I have fallen in love with pears. Finding the perfect pear is a big treat as far as I’m concerned. If you haven’t already realized this, I have quite the love affair for good food. What is good food? No I’m not talking the good food versus bad food dilemma here; I’m talking about delicious food that is fresh (when possible), rich in flavor, and if it benefits my health then hey, I think I’ve struck gold!


Towards the end of August I discovered my new favorite place on earth, Holmberg Orchards. There is just something so fantastic about the branches hanging low along this Thames River Valley plot of land with ripe fruit just begging to be placed into your pick-your-own bag. They’re open daily and if at all possible, I choose to venture into the orchard to pluck a few Bartlett pears off the tree rather than to visit the produce section at the grocery store.

Once home with my bounty, I placed my pears into a brown paper bag and I waited for them to ripen up to perfection. The first bite was full of flavor and juiciness and suddenly, all my dreams of pear tarts and cake were washed away. These pears were too good to be buried beneath flour and sugar. I wanted to do something fun with a few of the pears and then it came to me, pear chips.
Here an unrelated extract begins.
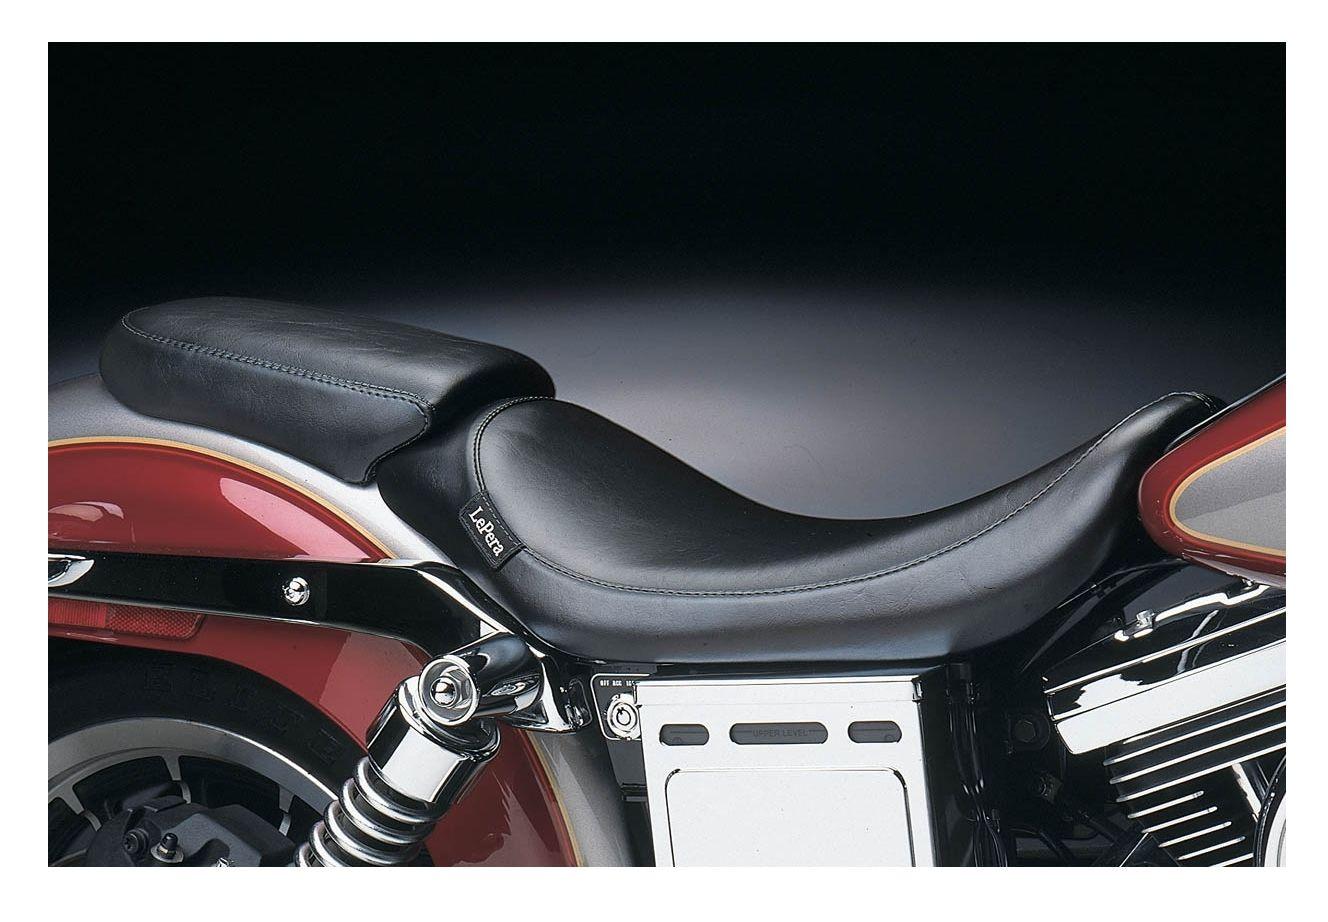 Le Pera Silhouette Solo Seat For Harley Dyna 1996 2003 10 2502 07 Flhtcu Wiring Diagrams Color Off Revzilla

I sliced them up thinly and tossed with just a splash of the juice from a lemon. I was then taunted by the sweet smell of pears for the next two hours while they caramelized in the oven.

These little chips can be stowed away for snacks or salad toppings. I have this hunch they could also serve as a wine snack alongside some cheese. You know, the way that apple pie can be paired with a nice cheddar? I have yet to experiment with this cheese-pear combination but while on the topic of wine I will also sing my praises for pear wine. Did I mention that Holmberg’s also has a winery? Can you see why I love this place so much?

Pear wine had me at hello, or rather, first tasting. One Saturday afternoon back in August I thought that my elation for the remainder of the afternoon had something to do with the 1pm wine tasting I had participated in but no, I really think it was because I was in love with this pear wine.

As soon as I turned twenty-one my mother offered me a tidbit of advice, she wrote “always put a few ice cubes in your wine” and stuck it in my wallet. While I often do follow this advice, pear wine is my exception. It is perfect, chilled and by itself.

Pear Chips

Bartlett pears or another type of pear suitable for baking

Juice of one lemon

Parchment paper

Preheat oven to 250 F. Thinly slice pear, if you own a mandolin now is the time to break it out. Toss chips with lemon juice. Lay chips flat on a parchment lined baking sheet. Make sure that the chips do not touch one another as they will caramelize and become sticky. Bake for about 2 hours, turning occasionally.